-- GIVEN ENTRIES follows --

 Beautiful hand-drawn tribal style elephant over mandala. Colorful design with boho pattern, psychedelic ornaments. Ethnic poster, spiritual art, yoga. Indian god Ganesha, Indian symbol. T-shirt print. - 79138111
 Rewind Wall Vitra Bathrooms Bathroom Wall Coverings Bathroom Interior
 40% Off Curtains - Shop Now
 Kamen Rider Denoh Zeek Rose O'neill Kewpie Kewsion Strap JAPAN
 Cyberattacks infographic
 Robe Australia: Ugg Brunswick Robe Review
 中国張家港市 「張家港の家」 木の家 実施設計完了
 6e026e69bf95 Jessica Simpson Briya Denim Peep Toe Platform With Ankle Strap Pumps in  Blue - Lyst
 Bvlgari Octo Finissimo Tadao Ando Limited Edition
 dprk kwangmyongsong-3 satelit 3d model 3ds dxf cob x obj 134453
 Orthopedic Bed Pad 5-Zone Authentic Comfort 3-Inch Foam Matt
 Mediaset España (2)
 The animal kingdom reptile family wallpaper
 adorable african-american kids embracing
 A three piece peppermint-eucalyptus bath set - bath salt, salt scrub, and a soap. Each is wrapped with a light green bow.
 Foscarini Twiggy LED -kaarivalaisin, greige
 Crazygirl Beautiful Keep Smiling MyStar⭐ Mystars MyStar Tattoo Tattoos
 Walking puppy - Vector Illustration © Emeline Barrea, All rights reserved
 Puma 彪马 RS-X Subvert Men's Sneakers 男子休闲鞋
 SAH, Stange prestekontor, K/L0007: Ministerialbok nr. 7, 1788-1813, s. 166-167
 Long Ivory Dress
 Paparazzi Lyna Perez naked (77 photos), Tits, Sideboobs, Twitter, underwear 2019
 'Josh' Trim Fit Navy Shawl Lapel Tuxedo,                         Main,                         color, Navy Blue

-- GIVEN ENTRIES concluded --

_ACTIVITY_:
Among the entries, find each line that includes the string "Beautiful" and copy it.

_TASK SOLUTION_:
 Beautiful hand-drawn tribal style elephant over mandala. Colorful design with boho pattern, psychedelic ornaments. Ethnic poster, spiritual art, yoga. Indian god Ganesha, Indian symbol. T-shirt print. - 79138111
 Crazygirl Beautiful Keep Smiling MyStar⭐ Mystars MyStar Tattoo Tattoos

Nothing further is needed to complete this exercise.